<英総選挙>ユーロ圏撤退か残留か EU離脱の方向性が焦点
イギリス総選挙の投票がスタートした。欧州連合(EU)離脱におけるハードブレグジットの是非や国内のテロ対策などが争点となる中、各政党が議会下院(定数650)での議席増を目指して選挙戦を続けてきた。当初は保守党の圧勝に終わるだろうとの見方が強かったものの、選挙が近づくにつれて、世論調査では野党労働党の追い上げも顕著に表れ、今回の選挙は接戦になるだろうとの予測も。保守党が大勝しなかった場合、2020年に予定されていた総選挙を前倒しで実施したメイ首相の責任問題に発展する可能性や、EUからの離脱に向けた交渉が難航化すると見られている。今回の総選挙の争点を振り返る。 【写真】「ハードブレグジット」「単一市場」とは? EUと英国の複雑な関係
「ハードブレグジット」を掲げるメイ首相
今回の総選挙は本来2020年に実施される予定だった。メイ首相も2020年まで選挙を実施することはないと発言していたが、4月18日に緊急声明を発表。約3年前倒しする形で、6月8日に総選挙を行う意向を明らかにした。その後、議会での承認を経て正式に決定した。メイ首相は枠内無関税などのメリットがあるユーロ圏からも完全に撤退する「ハードブレグジット」をEU離脱における方針として掲げているが、労働党を含む野党は単一市場のユーロ圏には留まる方針を掲げており、EU離脱そのものは既定路線だが、どのような形で離脱するのかは選挙後に各政党が獲得した議席数で大きく変わる可能性がある。 総選挙では与党の保守党と最大野党の労働党が、どれだけの議席を獲得するのかに注目が集まっているが、メイ首相も労働党のジェレミー・コービン党首も、党首として総選挙を迎えるのは今回が初となる。昨年6月に行われたイギリスのEUからの離脱を問う国民投票で離脱派が勝利したことを受け、当時のキャメロン首相は辞任を表明。その後行われた保守党の党首選挙には当時内相であったメイ氏を含む5人が立候補したが、撤退する候補が相次ぎ、メイ氏は決選投票を行わないまま党首に選ばれ、新しい首相に就任している。昨年の国民投票でメイ氏はEU残留に票を投じているが、国民投票の結果を受け、EU離脱が不可避となった状況でハードブレグジットを選択している。 労働党のジェレミー・コービン党首は、2015年の総選挙における労働党の大敗で当時のミリバンド党首が辞任を表明したため、その後行われた党首選に出馬した。

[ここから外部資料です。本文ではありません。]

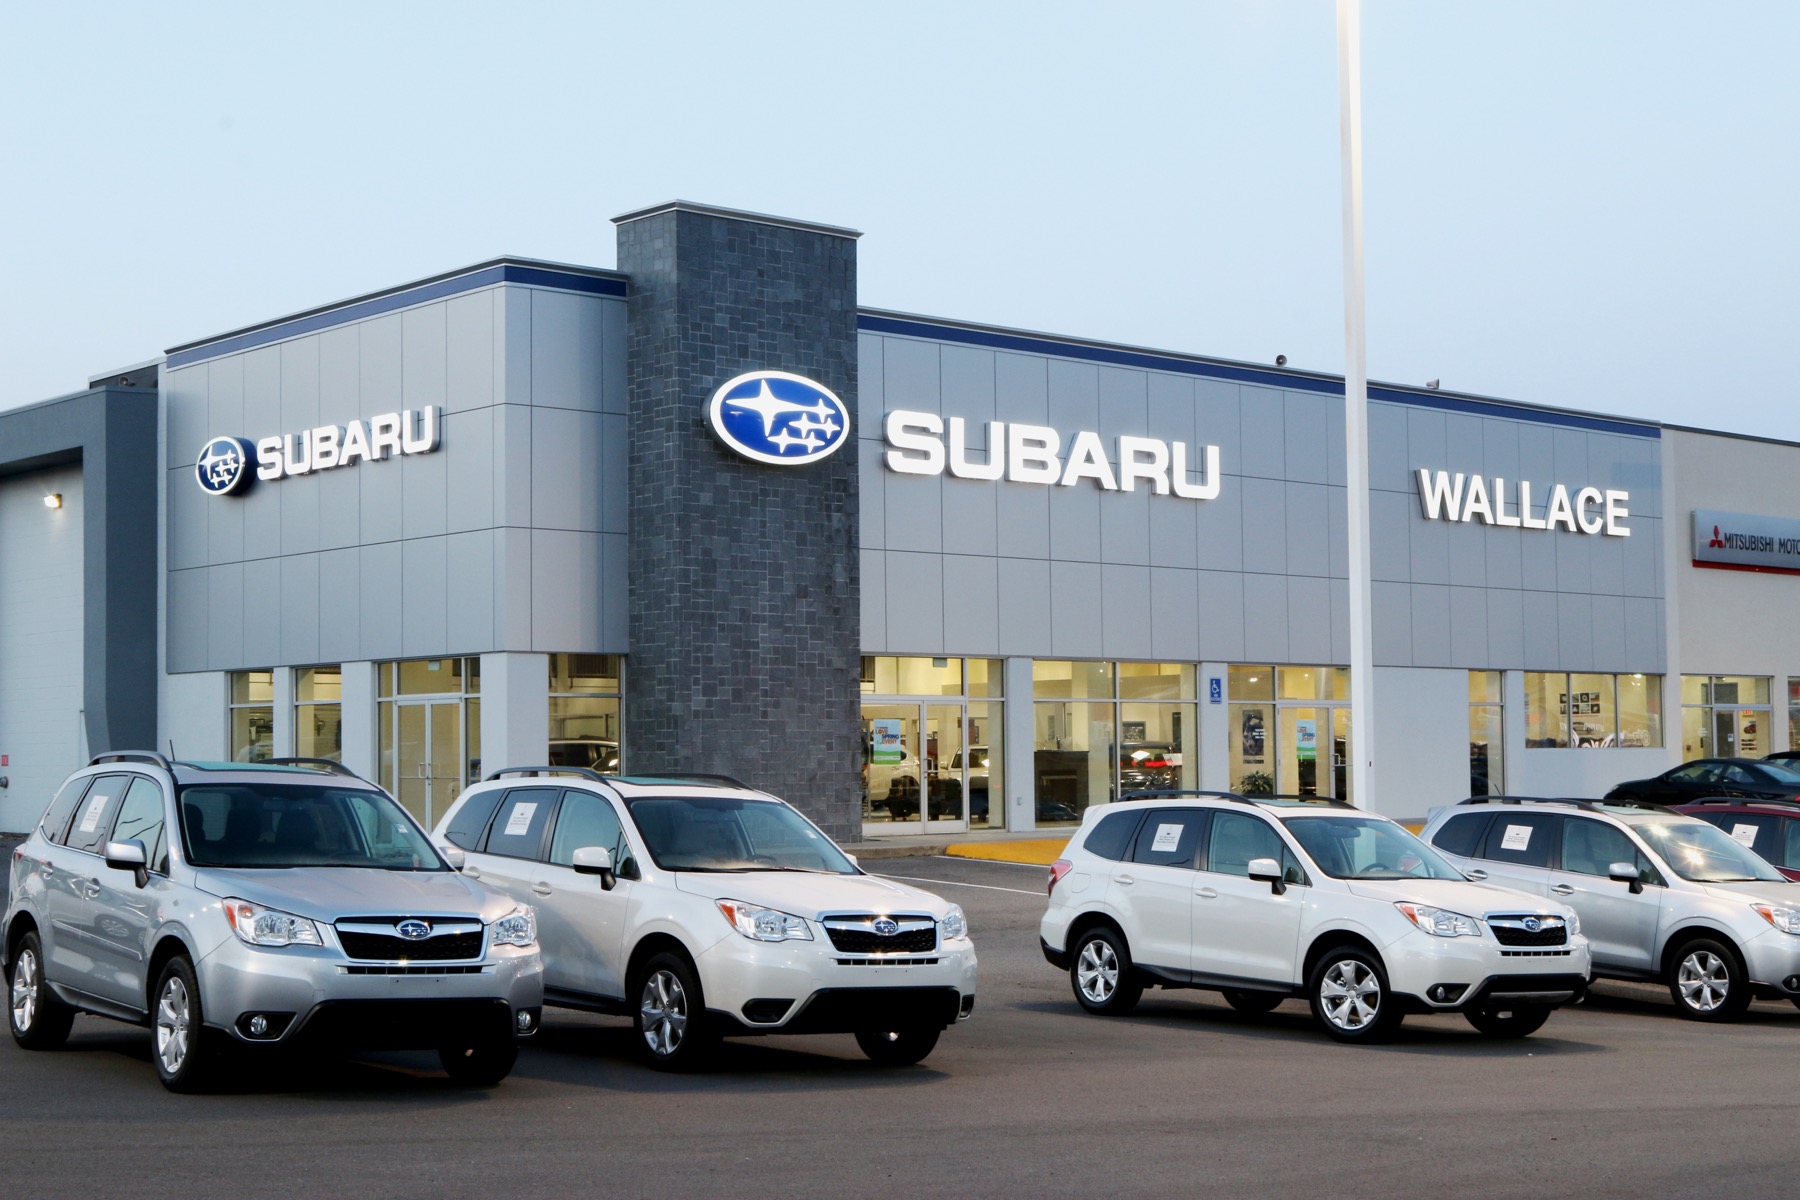 Shari – Wallace Subaru cover photo

当初は泡沫候補と見られていたが、1回目の投票で6割近くの票を得て、そのまま党首に選ばれている。これまでの労働党は、中道左派に位置付けられる人物がリーダーに選ばれていたが、コービン党首はこれまでの労働党党首よりも社会主義色が濃い人物で知られている。EUとの経済的な結びつきは残してくべきだと主張するコービン氏だが、もともとはEU懐疑派として知られており、EU残留派の多い労働党の党内事情を考慮してか、党首就任後はEUとの結びつきを重視する発言を繰り返している。 EU離脱について、保守党は単一市場や関税同盟から完全に撤退する姿勢を明確にしている。すべてをリセットした上で、EUとあらためて自由貿易協定の締結に向けて話し合いを行いたい意向だ。一方の労働党はEU離脱には同意しているものの、ユーロ圏へのアクセスは維持する姿勢を打ち出している。医療・福祉に関する政策も大きく異なる。保守党政権による財政緊縮策で福祉関係の予算や人員は大幅に削減されてきたが、保守党は今後5年間で医療・福祉関連予算を80億ポンド増額すると発表している。労働党は以前から保守党の財政緊縮策を批判しており、300億ポンドを投じて国民保険サービスの改善を図る構えだ。